- Leagues: LEB Oro
- Founded: 1991; 35 years ago
- History: Club Melilla Baloncesto (1991–present)
- Arena: Javier Imbroda Ortiz
- Capacity: 3,800
- Location: Melilla, Spain
- Team colors: Navy, Blue, White
- President: Jaime Auday
- Vice-president: Mustafa Mohand
- Head coach: Alejandro Alcoba
- Championships: 3 Copa Príncipe
- Website: clubmelillabaloncesto.es
| Home | Away |

= Club Melilla Baloncesto =

Spanish basketball team

Club Melilla Baloncesto is a professional basketball team based in Melilla that plays in the LEB league. This is the only team in Spain that played all LEB seasons.

The team's home arena is the Pabellón Javier Imbroda Ortiz (formerly known as Ciudad de Melilla), with a capacity of up to 3,800 spectators.

==History==
Club Melilla Baloncesto was founded in 1991 as a merge of Baloncesto Melilla and CB Gran Tercio. In its first season, played in the second division with the name of Unicaja Melilla as an affiliated team of Liga ACB club Unicaja. Despite being relegated, remained in the league after its expansion to 31 teams, that allowed the club to continue playing in the second division, indeed when the Liga EBA was created.
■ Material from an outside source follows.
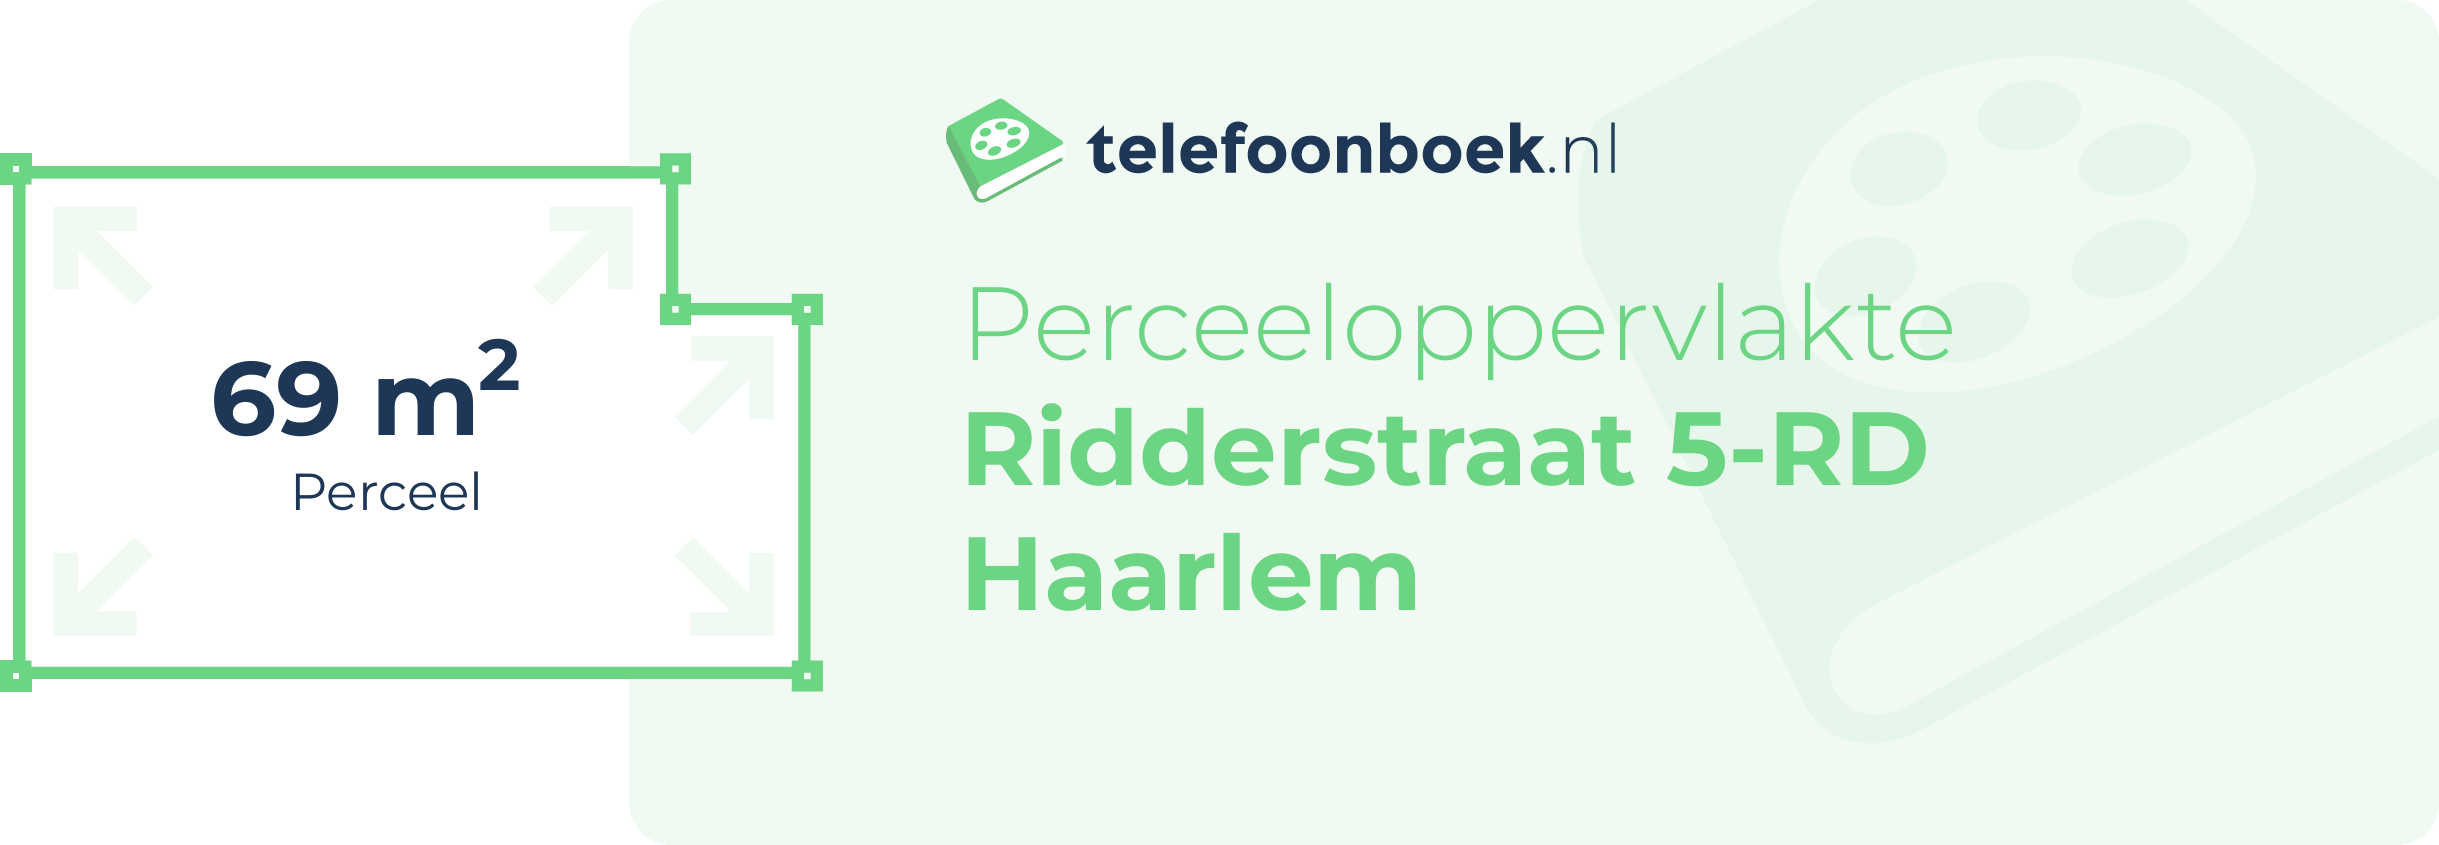 Perceeloppervlakte Ridderstraat 5-RD Haarlem

In 1996, Melilla became one of the founding clubs of the Liga LEB. In 1999, the club achieved their first title by winning the Copa Príncipe de Asturias after defeating Menorca Bàsquet in the final, and is close to promote to the Liga ACB, but was eliminated in the last round of the playoffs by Breogán Universidade.

In 2001, Melilla clinched their segund Copa Príncipe de Asturias, this time beating Bàsquet Manresa in the Final Four played at home. After several years of consolidation in the league, in 2008 the club reached again the last round of the promotion playoffs but lost to Lucentum Alicante in the last round. One year later, despite winning their third Cup and despite being the top seeded team, was eliminated in the semifinals of the promotion playoffs to Ford Burgos.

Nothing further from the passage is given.